▶ Work item
Would you transcribe each entry that follows word for word, minus the images?

Collection entries
--

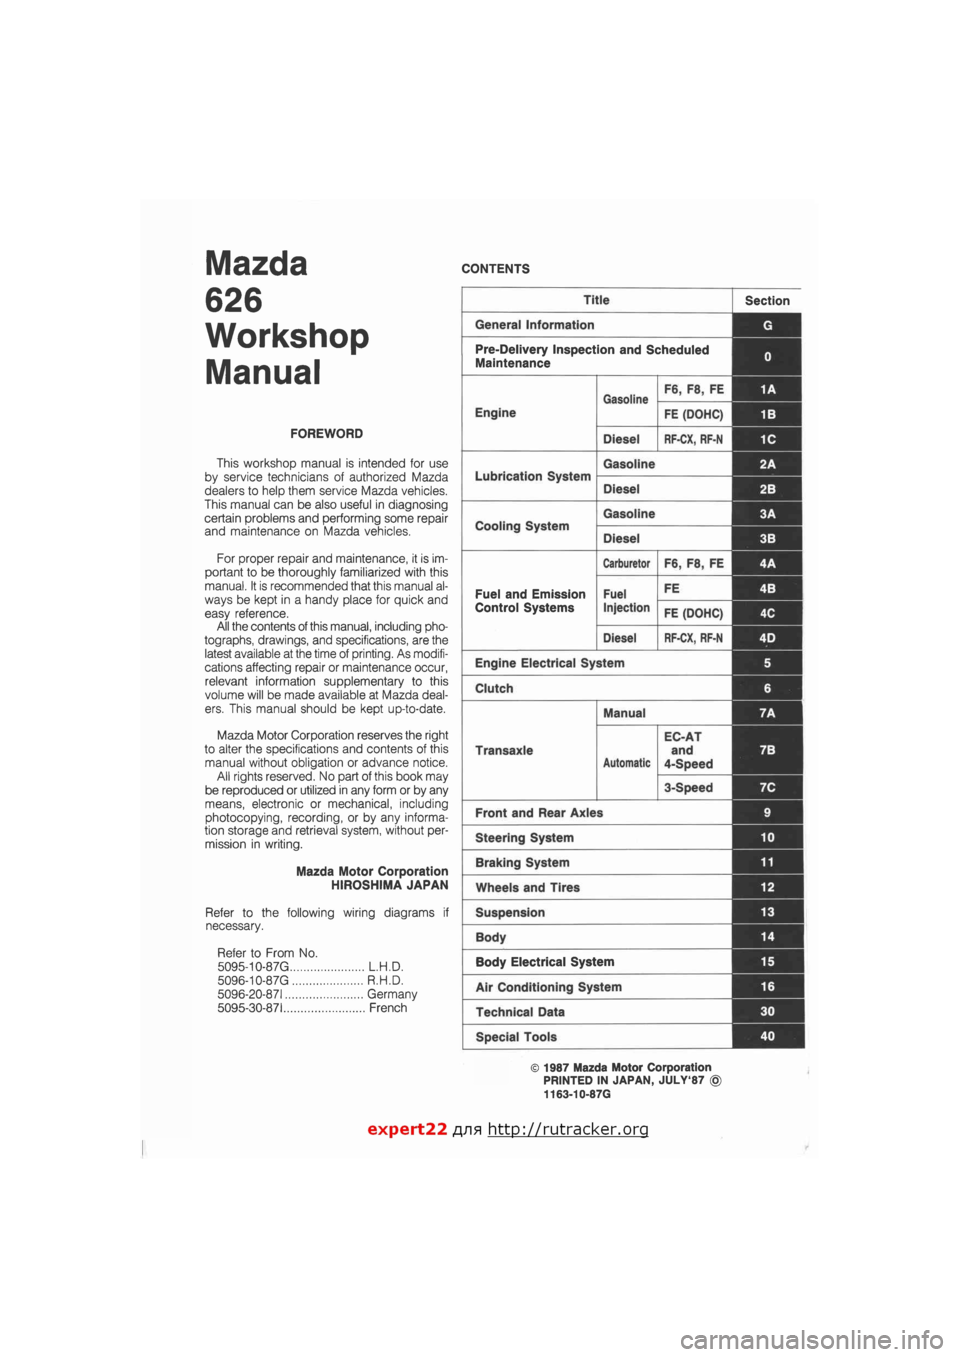 MAZDA 626 1987  Workshop Manual 
Mazda 
626 
Workshop 
Manual 
FOREWORD 
This workshop manual is intended for use 
by service technicians of authorized Mazda 
dealers to help them service Mazda vehicles. 
This manual can be also use

--

▶ Solution
 MAZDA 626 1987  Workshop Manual 
Mazda 
626 
Workshop 
Manual 
FOREWORD 
This workshop manual is intended for use 
by service technicians of authorized Mazda 
dealers to help them service Mazda vehicles. 
This manual can be also use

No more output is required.